Content starts

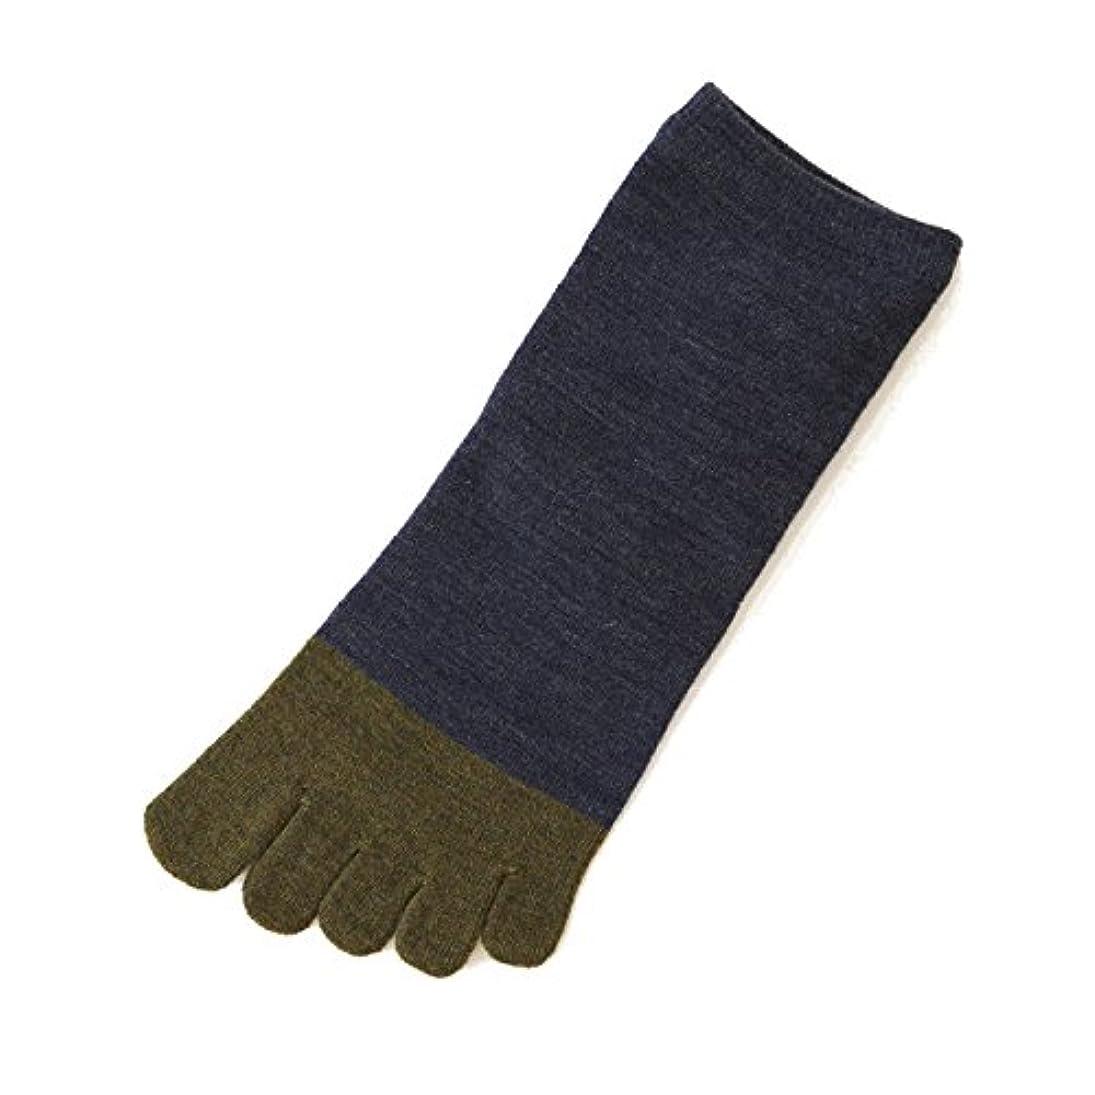 重なるサスペンションジャンプする[靴下屋]クツシタヤ 2面切り替え5本指ソックス 22.0~24.0cm 日本製 五本指靴下
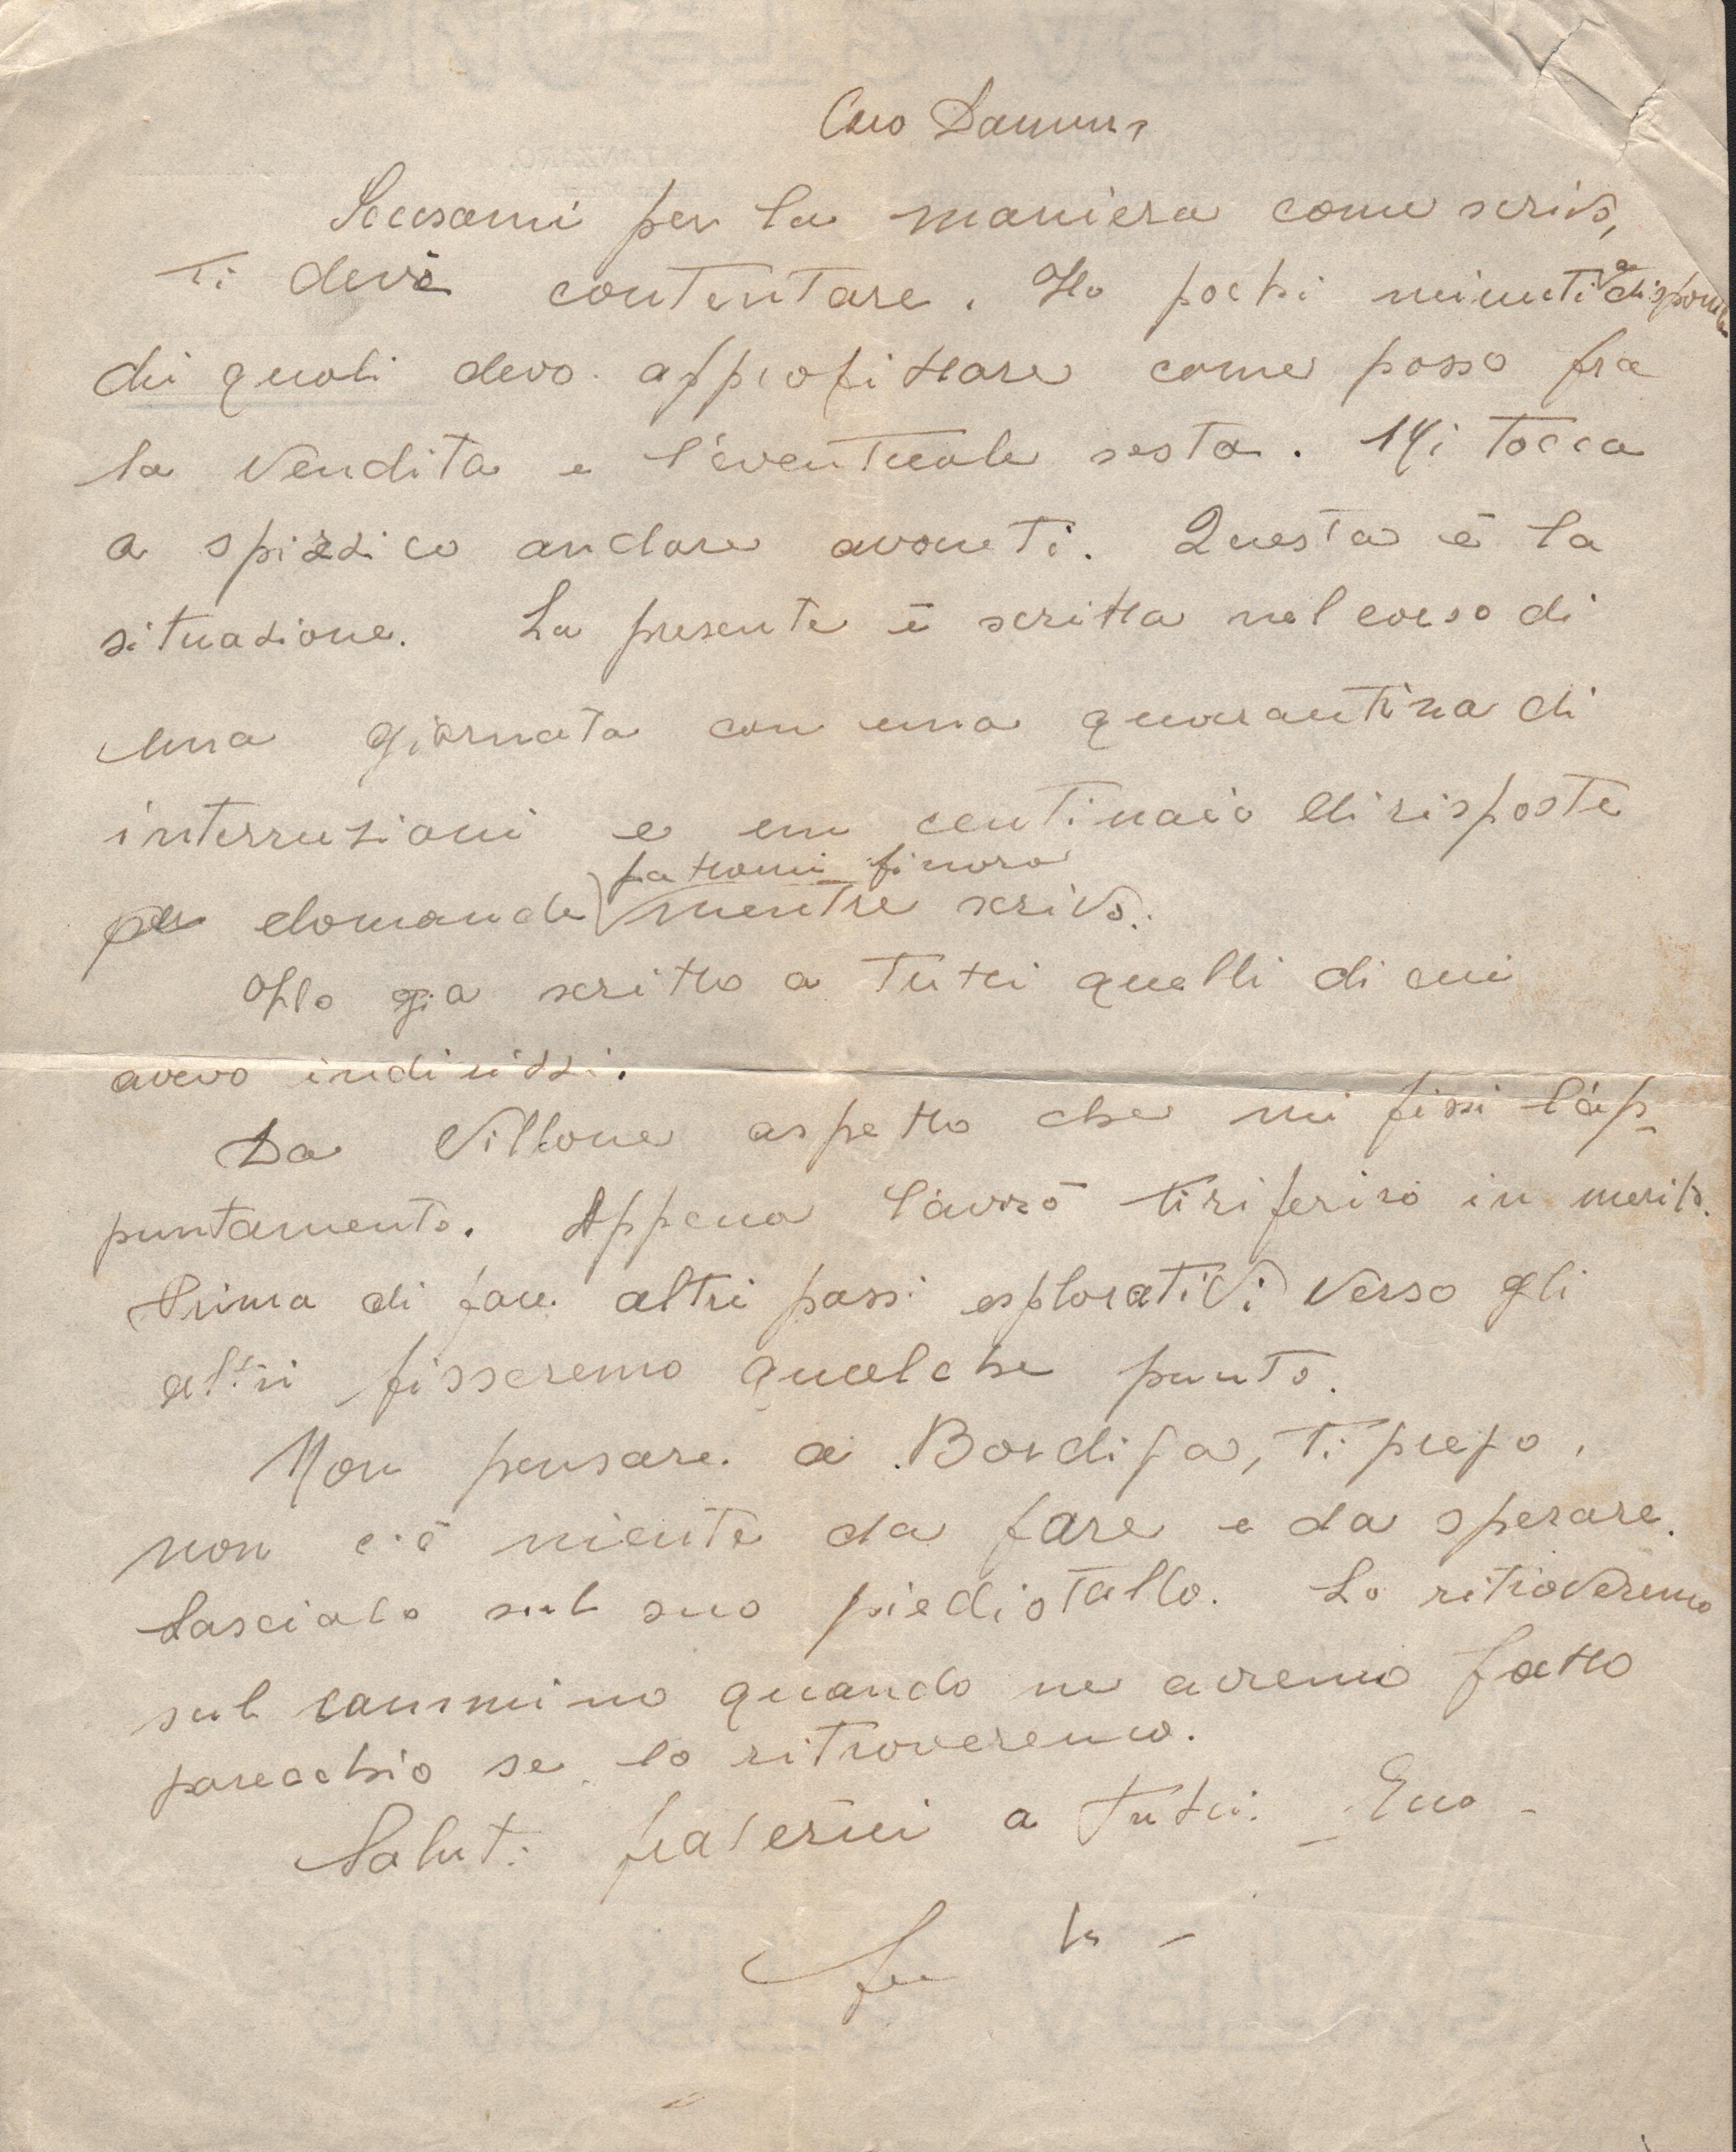 Lettere di Maruca - pag. 13
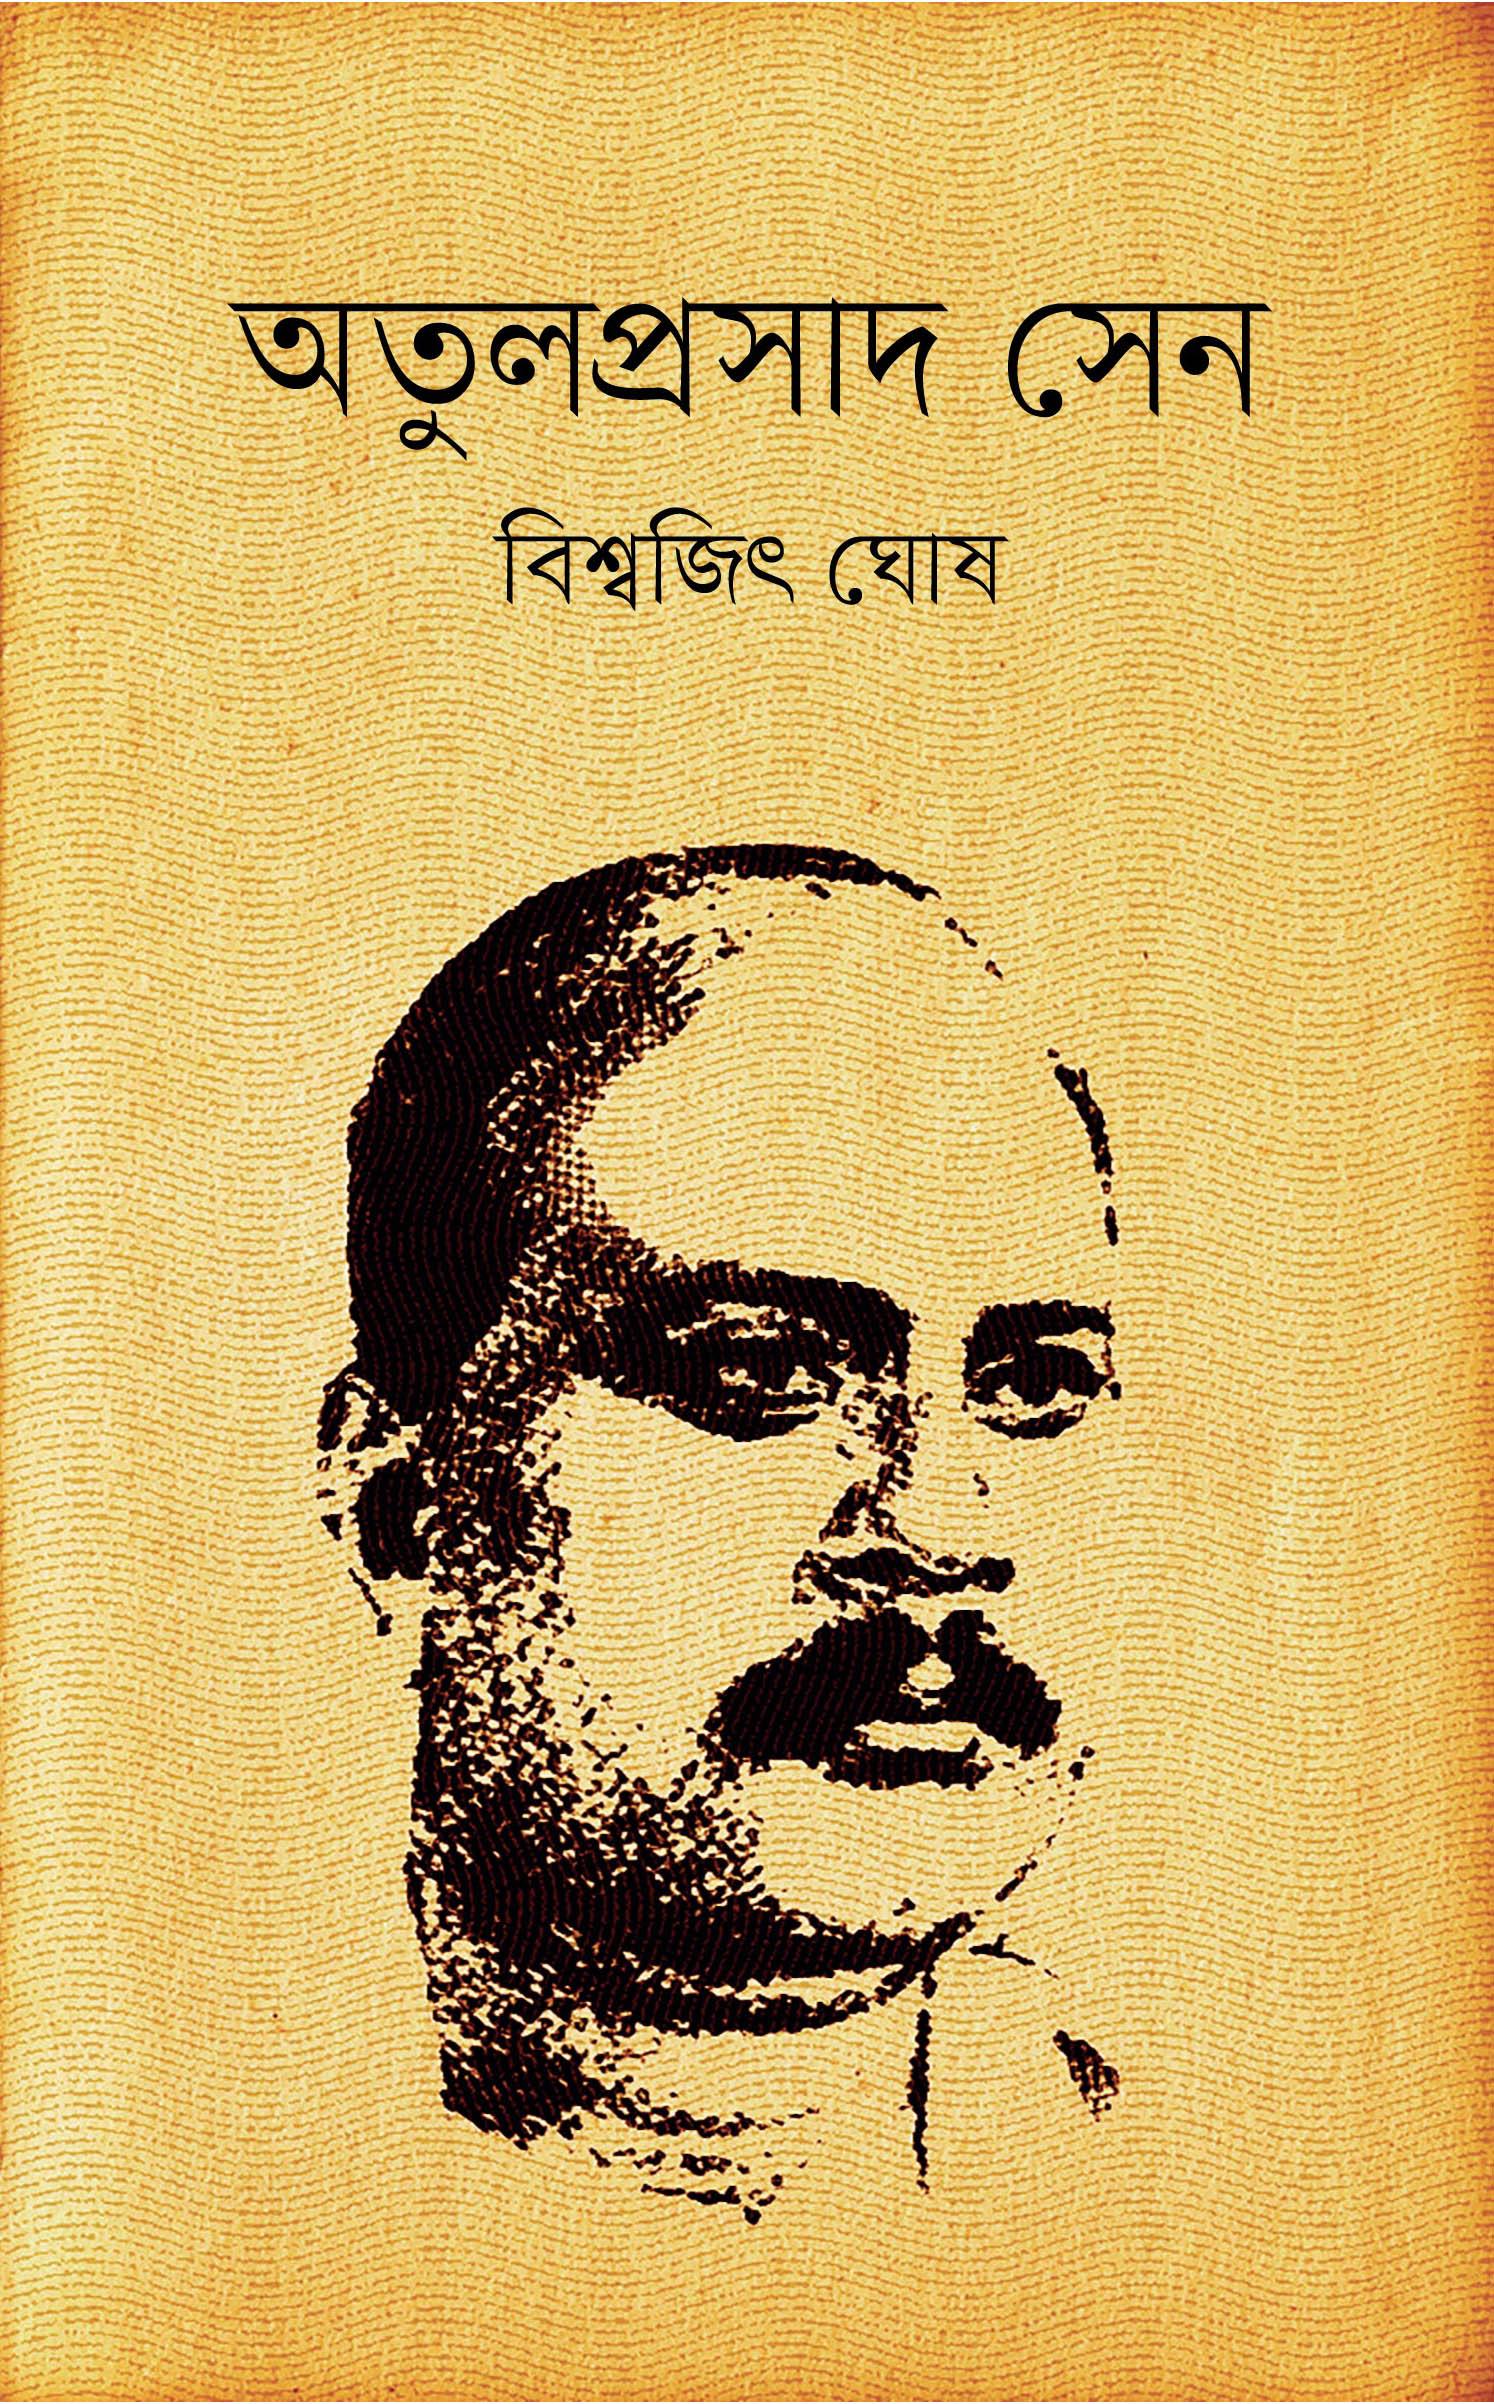 অতুলপ্রসাদ সেন

Content ends

Task statement:
Leave out the images and repeat the rest of the data word for word.

Result of the task:
 重なるサスペンションジャンプする[靴下屋]クツシタヤ 2面切り替え5本指ソックス 22.0~24.0cm 日本製 五本指靴下
 Lettere di Maruca - pag. 13
 অতুলপ্রসাদ সেন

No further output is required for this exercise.